Assistant Professor Somaye Ghandi Bidgoli

College: Faculty of Engineering - Department: Industrial Engineering Degree: Ph.D |

Forecasting of Iran's renewable energy consumption using a hybrid method of backpropagation neural network and Grey Wolf optimization algorithm

Authorsنفیسه احمدزاده,سمیه قندی بیدگلی,هادی مختاری
Conference Titleچهارمین کنفرانس بین المللی دانشجویان و مهندسان برق و انرژی های پاک
Holding Date of Conference2025-09-22 - 2025-09-22
Event Place1 - تهران
Presented byمرکز توسعه علمی و فناوری دانشجویان
PresentationSPEECH
Conference LevelInternational Conferences

Abstract

With the ever-increasing population growth, limited fossil fuels and increasing environmental pollution, many countries in the world are trying to use renewable energy sources for their energy supply by investing in new technologies.

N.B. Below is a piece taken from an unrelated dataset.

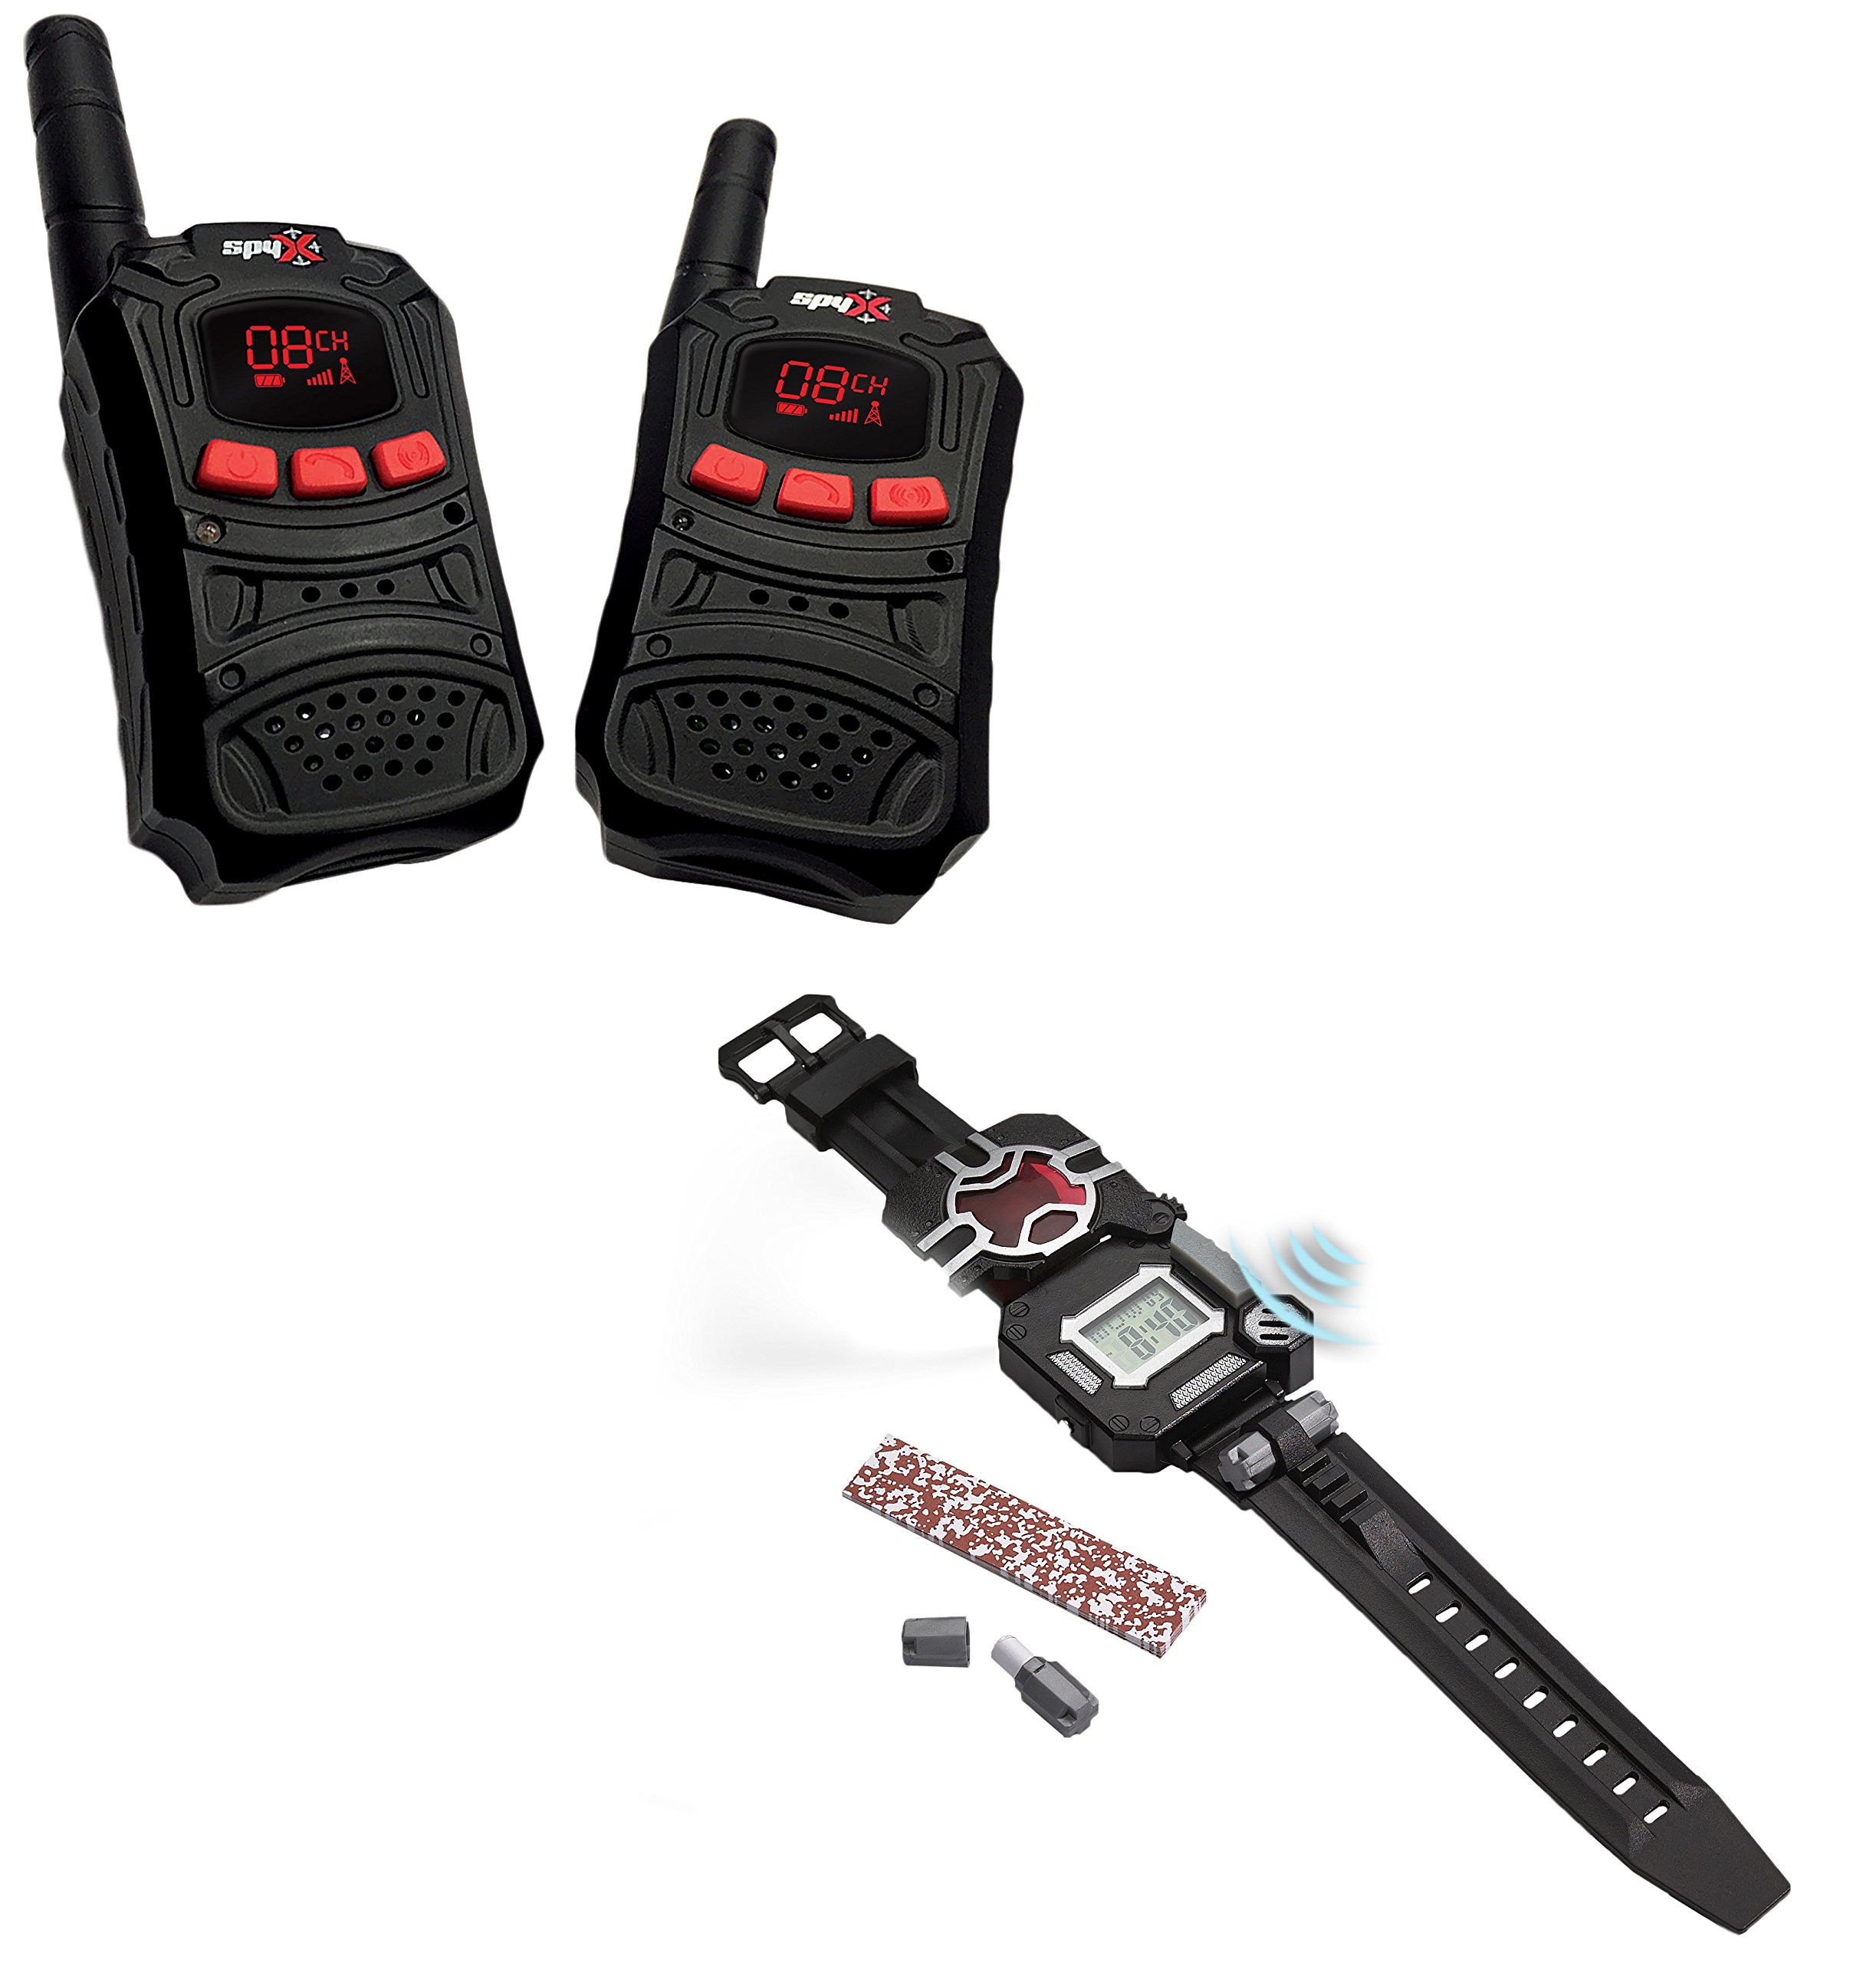 SpyX Walkie Talkies + Recon Watch - Double Agent Tool Set! 2 Pack of Walkie Talkies + an 8-in-1 Watch. Essential Items for Any Spy Gear Collection to Get The Job Done While Spying On The Enemy

In order to provide renewable energy, high accuracy models should be used to predict energy consumption. It is important to know the factors affecting renewable energy consumption for forecasting. In this research, the factors affecting renewable energy consumption have been identified and extracted by reviewing previous researches. Then the criteria and sub-criteria have been prioritized using the Analytical Hierarchy process. The sub-criteria with higher priority include environmental, economic, technical and demographic sub-criteria which were considered as input parameters to the artificial neural network method. Then, the amount of renewable energy consumption in Iran was predicted using the hybrid method of Backpropagation Neural Network and Grey Wolf Optimization Algorithm (GWOA-BNN) and the results were compared with two methods of Backpropagation Neural Network (BNN) and the hybrid method of Improved Whale Optimization Algorithm, Simulated Annealing and BIdirectional Long Short-Term Memory network (IWOA-SA-BILSTM) method. Finally, due to the superiority of the proposed combined GWOA-BNN method, Iran's renewable energy consumption was predicted based on the three scenarios determined for the next three years using the introduced combined method.